# Jerry's mysterious head shake



## birdsoo (Jul 4, 2012)

We took Jerry and Skye, as well as four of my budgies, to the avian vet across country on Monday.

Jerry was obviously plucking feathers since we got her and Skye has always had a bald patch under her wing, so we wanted to get them checked. 

It was a very long drive (10-12 hours) to the vet and when we reached there, the cockatiels had green sticky droppings on the floor. But they were well formed. I was not too concerned because it was a long trip and they were not able to drink much. 

The vet examined them for parasites and could not find anything but gave a dose of medication in case there were internal parasites and prescribed fluoxatine for 21 days to see if it would reduce the behaviour as well. They were given their first dosage there. 

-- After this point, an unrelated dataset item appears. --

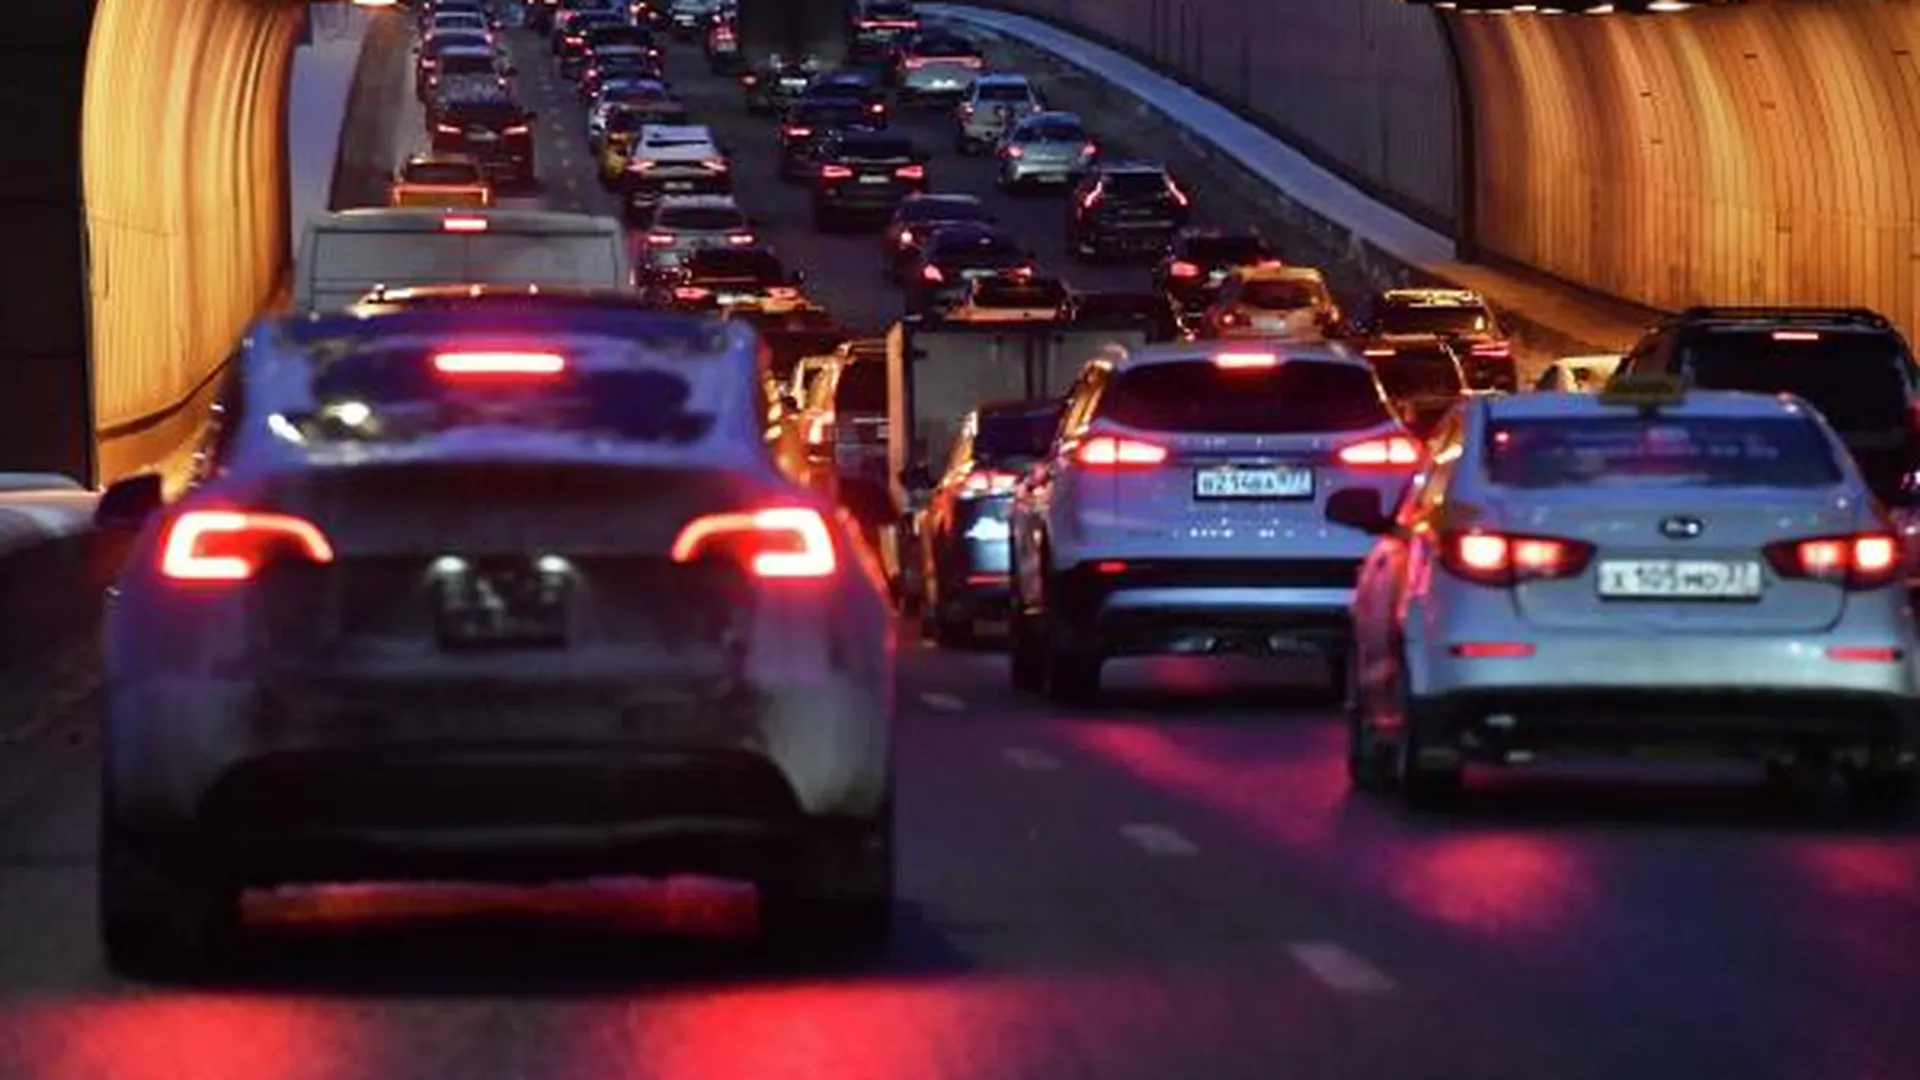 Количество аварий на дорогах в Москве за 10 лет снизилось почти на треть
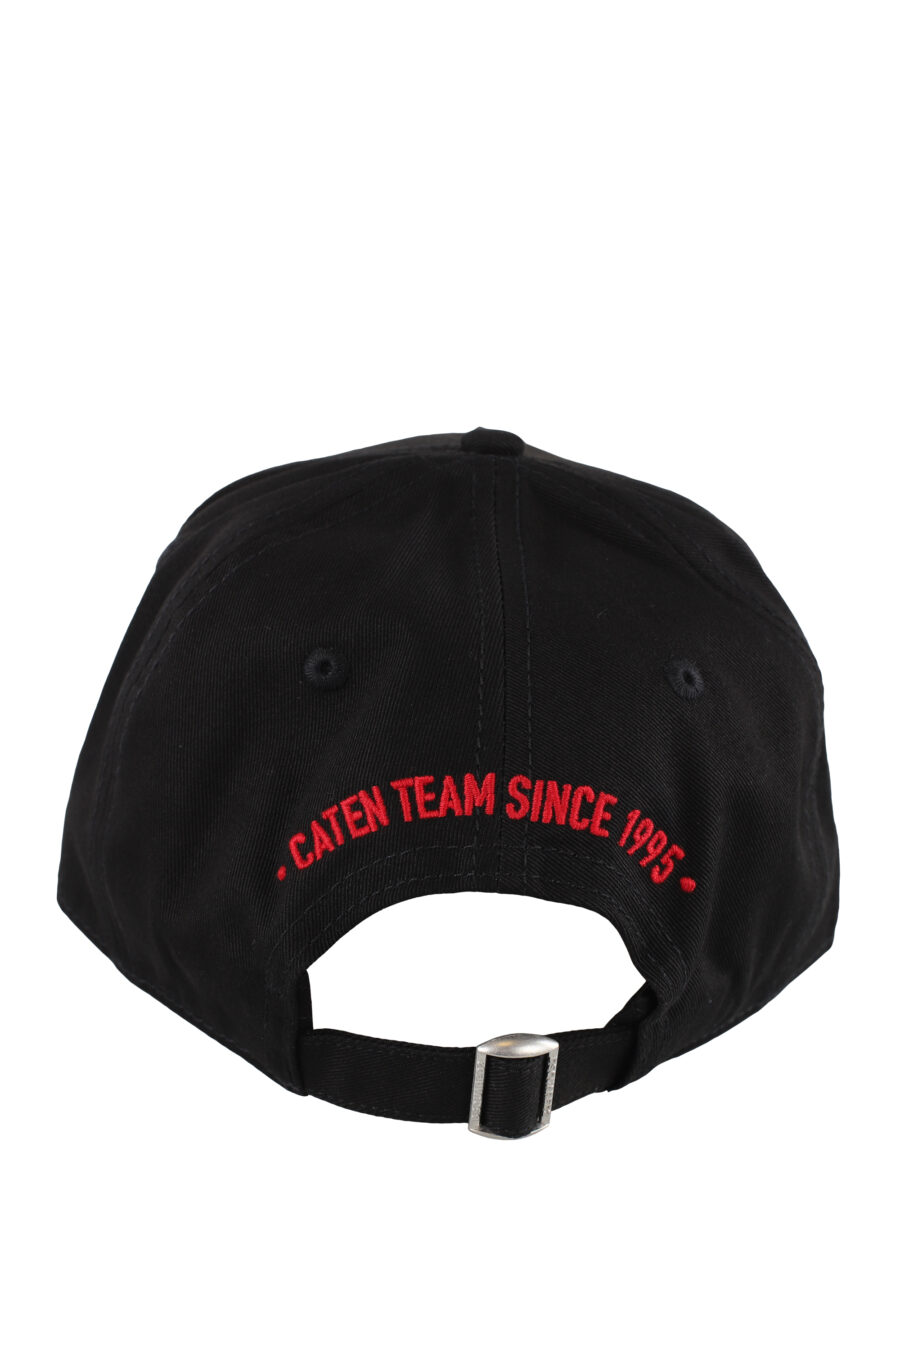 Schwarze Mütze mit Aufnäher und roten Details - IMG 5171

Jerry puked some medication in 15 minutes. Skye kept it in. Because we did not know how much of the medication Jerry kept, the vet did not give more in case she did not puke it all out. 

After we got necessary medication (enrofloxacine and vitamin A for whole budgie flock), we went back home, another long drive, which was during the night. 

When I took the cages back home and uncovered the cockatiels, I saw that Skye's head feathers were smelly and dried in liquid vomit. It smelled bad. Her droppings were paste like and very very dark grassy green and she had lost 6 grams based on my own scale. 

Jerry seemed fine except for similar but better droppings. I took photos of the droppings and sent them to the vet and he recommended that I put them on the medication he gave for budgies as monitor them. He also recommended Hills a/d prescription food so Skye could gain weight.

Of course I cannot find it here and I managed to get her to eat other things eventually and she is very slowly getting better, but Jerry has started some weird head shakes...

I have uploaded two videos on Youtube. I know I should take them to the vet again, which would have to be another one close to me because my boyfriend left the country today. I wanted to see if anybody recognizes the type of headshakes, because with the vet I have to take them, I need to do a very thorough research beforehand.

Here are the links:

http://www.youtube.com/watch?v=nXJgARJJP-Q&feature=channel&list=UL

http://youtu.be/L69wI5F1KXE

Do any of you recognize this? I do not know if Jerry puked since Monday vet visit. There was one more puke that got all over their cover I found Wednesday morning but I could not tell which one did. (I suspect Jerry though)


----------



## enigma731 (Aug 12, 2011)

The head shakes themselves are not an abnormal behavior. My birds both do this when something is irritating them, like a noise they don't like or even their own dust in the air. However, if she's doing it excessively or seems distressed by it, then it might be a neurological symptom or a sign that something is making her feel ill. 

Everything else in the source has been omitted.